Recent attempts have been made to address this problem via crowdsourcing [18]. In this work, a number of human authored narratives are mined to construct a plot graph, which models the author-intended logical flow of events in the virtual world as a set of precedence constraints between plot events. Typical narratives in natural language on a given topic collected via Amazon Mechanical Turk (AMT). The crowd workers are required to follow a simplified grammar and a number of restrictions that resemble closely a CNL. These narratives are parsed and merged into a combined representation in terms of plot graph for the domain being explored, which is later used to inform the process of constructing narratives.

In this regard, the Genesis system [19] can also be considered as an interesting example of knowledge mining from stories written in simplified English. Genesis was developed for studying the story understanding process, including the human ideological bias. It takes as inputs the text in Genesis English and a set of constraints representing the cultural and ideological context of the human reader that it will emulate. As a result, the system builds a graph-based representation using common sense rules. This knowledge structure allows the system not only to analyse problems, but also to answer questions and generate conclusions.
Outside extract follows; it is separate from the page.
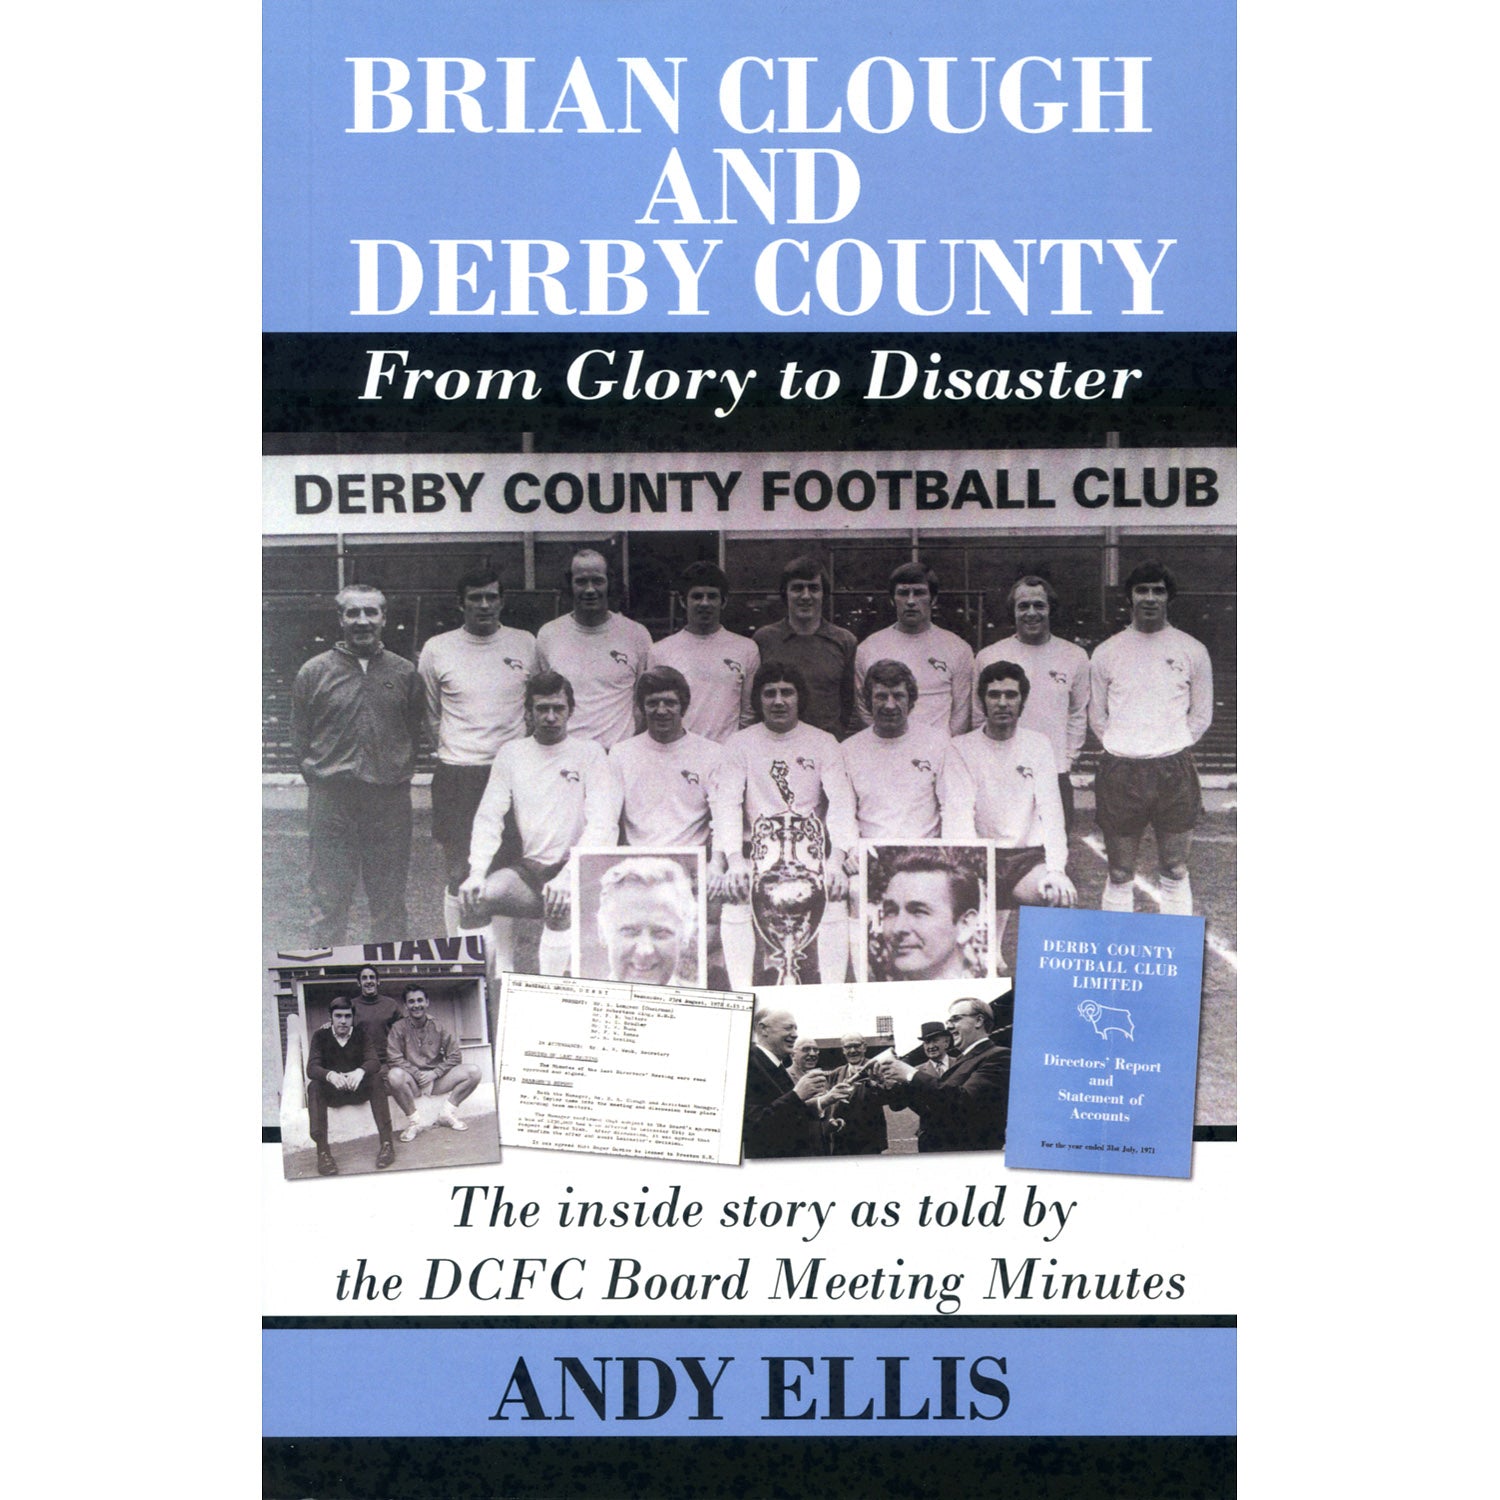 Brian Clough and Derby County – From Glory to Disaster

To inform the development of the Dramatis system for modelling suspense [20], O’Neill carried out an effort of knowledge engineering driven by methods adapted from qualitative research. The goal was to collect typical reader genre knowledge while simultaneously limiting engineer bias. The process was to acquire a corpus of natural language text and the conversion of that corpus into the knowledge structures required by Dramatis.

Although no CNL were strictly used for these tasks, the potential for their use in this context is clear.

3.1 Transformation Across Representations in Storytelling Systems

Gervás [21] attempts to model the procedures for composing narrative discourse from non-linear conceptual sources. It establishes algorithmic procedures for constructing a discourse – characterised by being a linear sequence of statements – to describe a set of facts known to have happened – which may involve events affecting a number of characters at different locations on overlapping periods of time. The composition procedure starts from a description of the set of events to be considered, produces an intermediate representation that captures the typical human view of events – restricted to what might have been perceived by a given character at a given moment in time – and proposes an algorithmic procedure to build a sequence of spans of narrative discourse, each capturing perception by an individual character. These spans of narrative discourse are rendered first as a simple conceptual description and then as pseudo-text. Table 1 shows examples of the original input as algebraic notation for a chess game, the conceptual representation of the composed discourse, and the pseudo-text rendering.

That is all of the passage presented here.